I forked an abandoned implementation of MQTT for SWI-Prolog by olsky, my fork is at https://github.com/sprior/swi-mqtt-pack
Look in the examples directory for some basic pub/sub code.
The Prolog code that runs in my house is pretty specific to my house so I figured the best way to open source things would be as a framework more than an implementation. You can contact me via issues on the github repo and prod me into adding some more advanced examples - I've learned a lot since my last commit on the repo.
I've started using the Redis functionality recently added to SWI-Prolog, so my code now responds to MQTT messages and uses state queried from Redis to help determine what actions (implemented by sent MQTT messages) to send out. The beauty is that since I don't do anything that blocks significantly in the Prolog code it is now single threaded - even the MQTT listening. It still responds quickly enough and is MUCH easier to deal with than multi-threaded.

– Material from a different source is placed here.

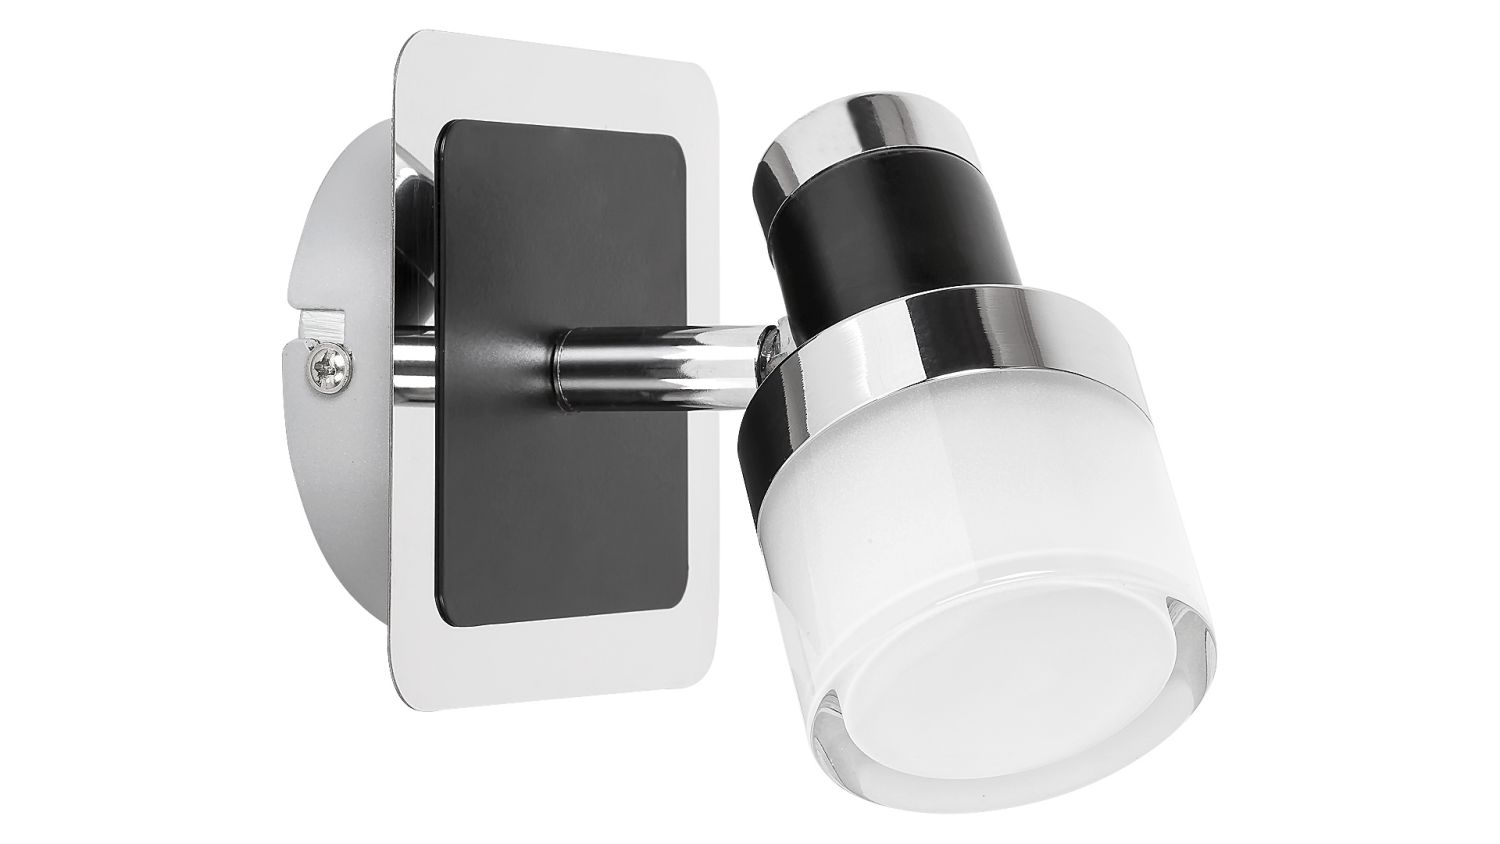 Moderne LED Wandlampe Bad Kompakt 400lm dekorativ

An example of what I'm doing is I built a bunch of ESP8266/EESP32 display devices that control neopixels/OLED/LCD displays. When one of those devices boots it sends a MQTT message announcing its location and capabilities (display type, bit depth, dimensions). Prolog receives that message and then stores that info in Redis. So that device info is all dynamic.

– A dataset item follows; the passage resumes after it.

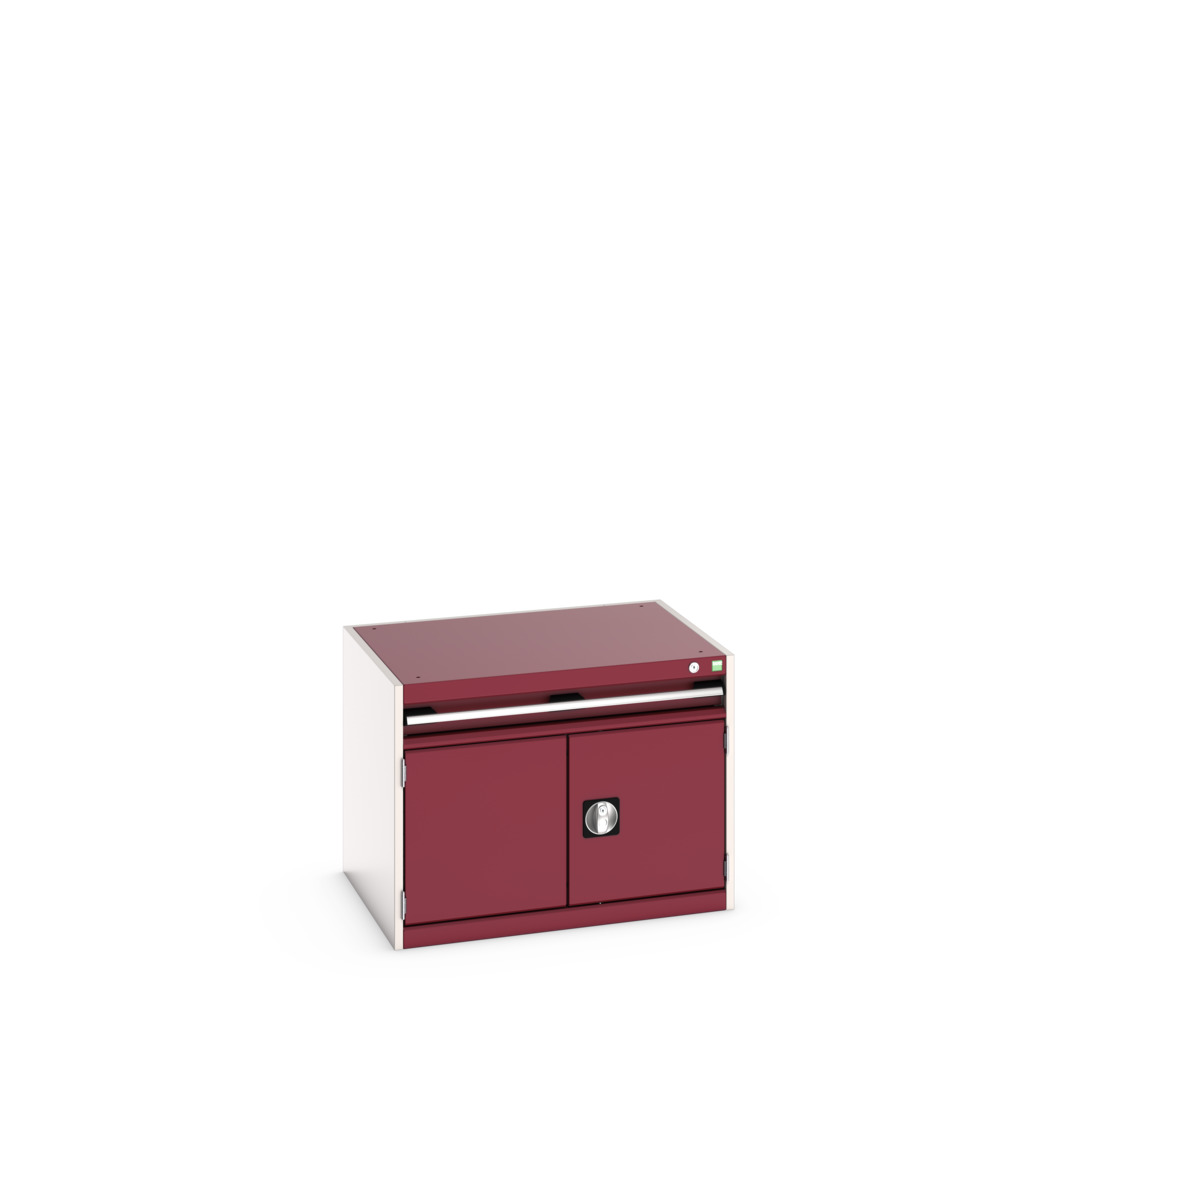 40020001.24V - cubio drawer-door cabinet

So then later Prolog might get a notification that something is in the driveway. All by MQTT it requests an image from the appropriate camera, then sends the image off to Sighthound and deepstack image recognition servers. The Sighthound front end sends a message back to Prolog with a description of any vehicle spotted which Prolog then matches against known vehicles. If it determines for example that a Fedex truck is in the driveway then Prolog sends notifications around the house - it queries all the display devices from Redis and then based on the capabilities of each devices creates a JSON formatted MQTT message to send to each announcing the Fedex truck. It then also sends a MQTT message to some Java code that connects with Google and sends a push message to an Android app I wrote that displays the alert on my phone and watch.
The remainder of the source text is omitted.